Failure. What’s the worst that can happen?

So I wrote a book. Now what? People all over the world write books every day. That’s the easy part. The fun part.  Letting the words flow, the characters talk to you, letting your creativity loose and seeing how far you can get.

20’00 words. 50’000 words. 80’000 words.

These milestones were something to be proud of, to share, to shout from the rooftops.

And then you finish. And the next thing people (by people, I’m referring to non-writers, not that writers aren’t people, but…oh you know what I mean) want to know is ‘When is your book coming out?’

Like it’s that simple. Write a book. Get it published. Get a multi-book deal. Start holidaying in Tuscany with J.K. Rowling and wiping your arse with fifty pound notes.

Margaret Atwood said word after word after word is power. But I feel like the more words I write, the less powerful I am.

I think about the book when I go to sleep. I think about the book when I wake up.

Is it any good? Sometimes, I think hell yeah, it’s good. I’ve written the exact book I would want to read. Then, other days, mid-edit, I want to hide from myself in shame at the awful words leaping up and assaulting my eyes.

Is it riddled with clichés? Do I tell instead of show? Are my characters stereotypes?

I make out it’s no big deal. The success is in having written a book. Most people don’t even do that, so who cares if I get published? But, of course, that’s not true. I’m not writing to make money or to be famous or any other ridiculous thing that will never happen.

I write, so that people can read my stories. Plain and simple.

I know how it feels to fall in love with a book. To visit a place I’ve never been, meet imaginary people that feel as real as my own family. I want to make strangers feel this about my book.

I love it. I want others to love it too.

In the 10 months I have been writing seriously, I’ve had over ten short story rejections. I’ve recently sent the first chapters of my novel for open house submissions at two publishers and have yet to hear anything back. I’m sure they will be rejections too.

I am editing, re-writing, honing and streamlining my novel every day. I will not give up.

Failure is not an option, because the only way I will fail is if I don’t try everything within my power to write the best book I can, and get it out in the real world to be read and, hopefully, enjoyed.

It is not an impossible dream. It will just take hard work and thick skin.

I hope I am up to the challenge.


Congratulations! For reading this post to the end, you get a super-secret special bonus! It’s as exciting as completing Sonic The Hedgehog for the first time.

Here are my Top Five Spectacular Fails:

1.       When Natasha Beddingfield sang ‘hyperbole’ to rhyme with ‘Superbowl’.

2.       That time BNP leader and extreme-right wing racist Nick Griffin posted a video of The Manic Street Preachers  ‘If You Tolerate This, Your Children Will Be Next’, an anti-fascist song about the Spanish Civil War, to his Twitter page.

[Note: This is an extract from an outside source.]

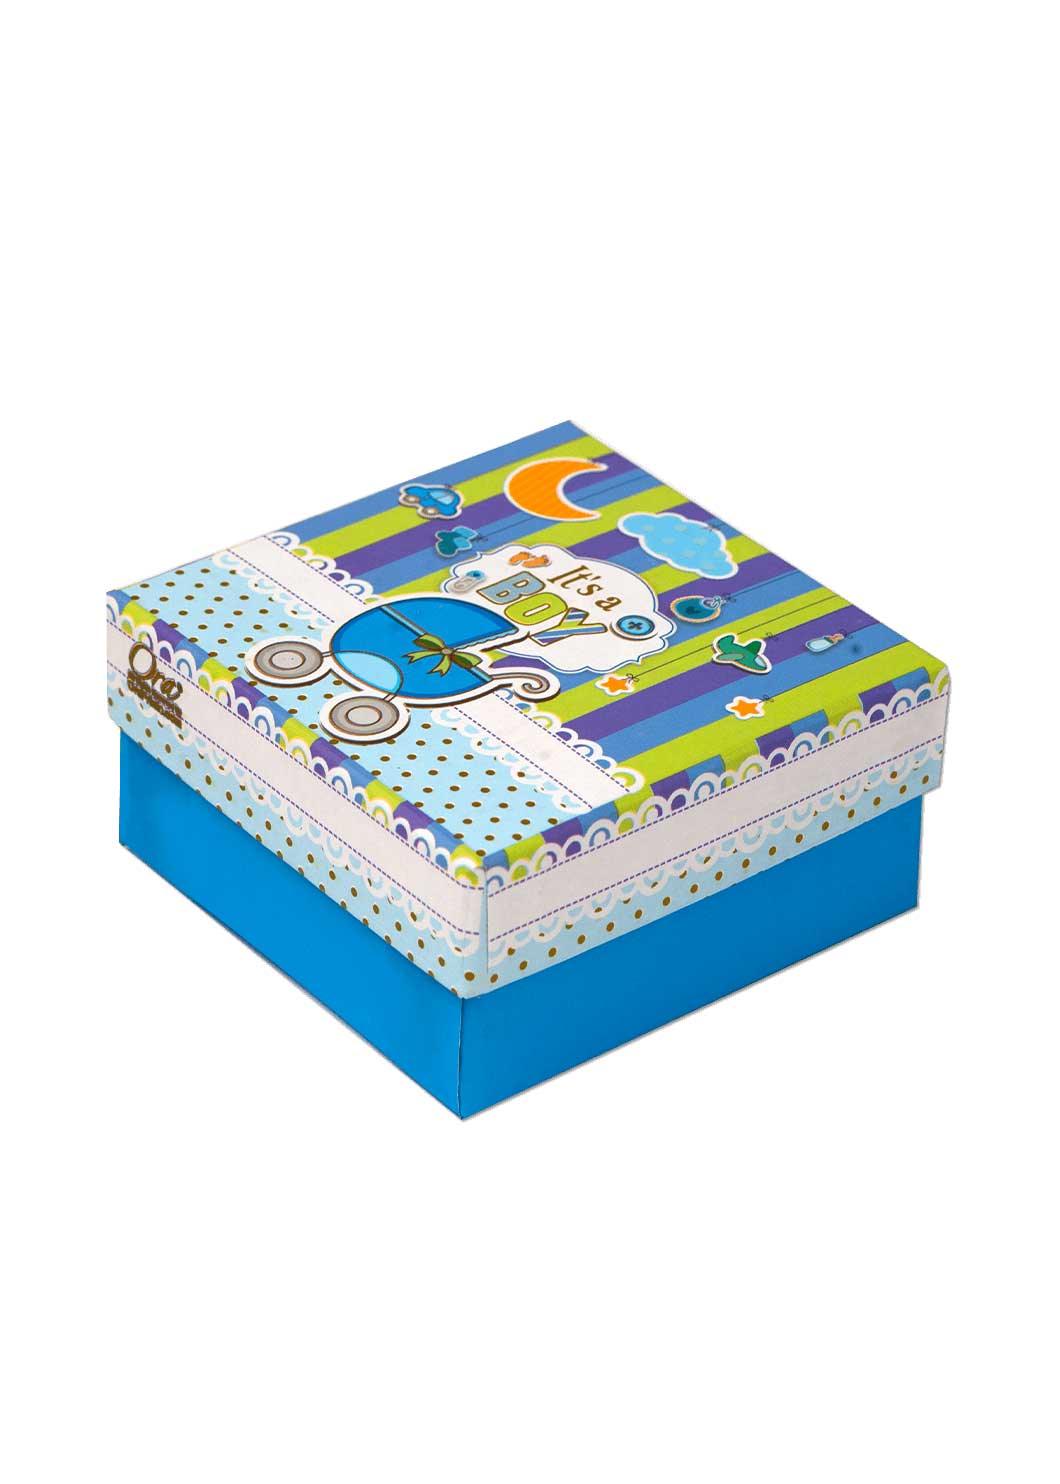 Qute Gift Box - Baby Gift store! Baby gift basket – QuteGiftBox

3.       Alanis Morrisette’s song ‘Ironic’, in which none of the irritating scenarios she describes are actually ironic. How ironic

4.       Everything Ed Milliband did during his 2014 election campaign. In fact, 80% of everything that all British politicians do, all the time.

5.       #susanalbumparty. If you are not aware of this story, look it up. Go on, I dare you.


4 thoughts on “Failure. What’s the worst that can happen?

  1. I had to look it up 🙂 thanks for that #susanalbumparty

    I do hope your words make it to market because I’ve read some and they are so great. As I’ve told you before. And I don’t just say these things.

    You could consider self-publishing. Pay an editor for that professional touch. Pay a cover designer and put it out there in the world. I would buy it and read. What’s the worst that can happen?


    1. Thank you, Helen. Self-publishing is definitely something I would consider. You get full creative control, and it can really work for some authors. It has lost the stigma that it once had, although does require a lot of hard work and self-promotion.


  2. I’ve really enjoyed self-publishing – although I am terrible at the promotion and sales part. I’d advise anyone to go for it but be braced for discovering type-o’s in the end product and having to live with them – a policy of cautious optimism is best.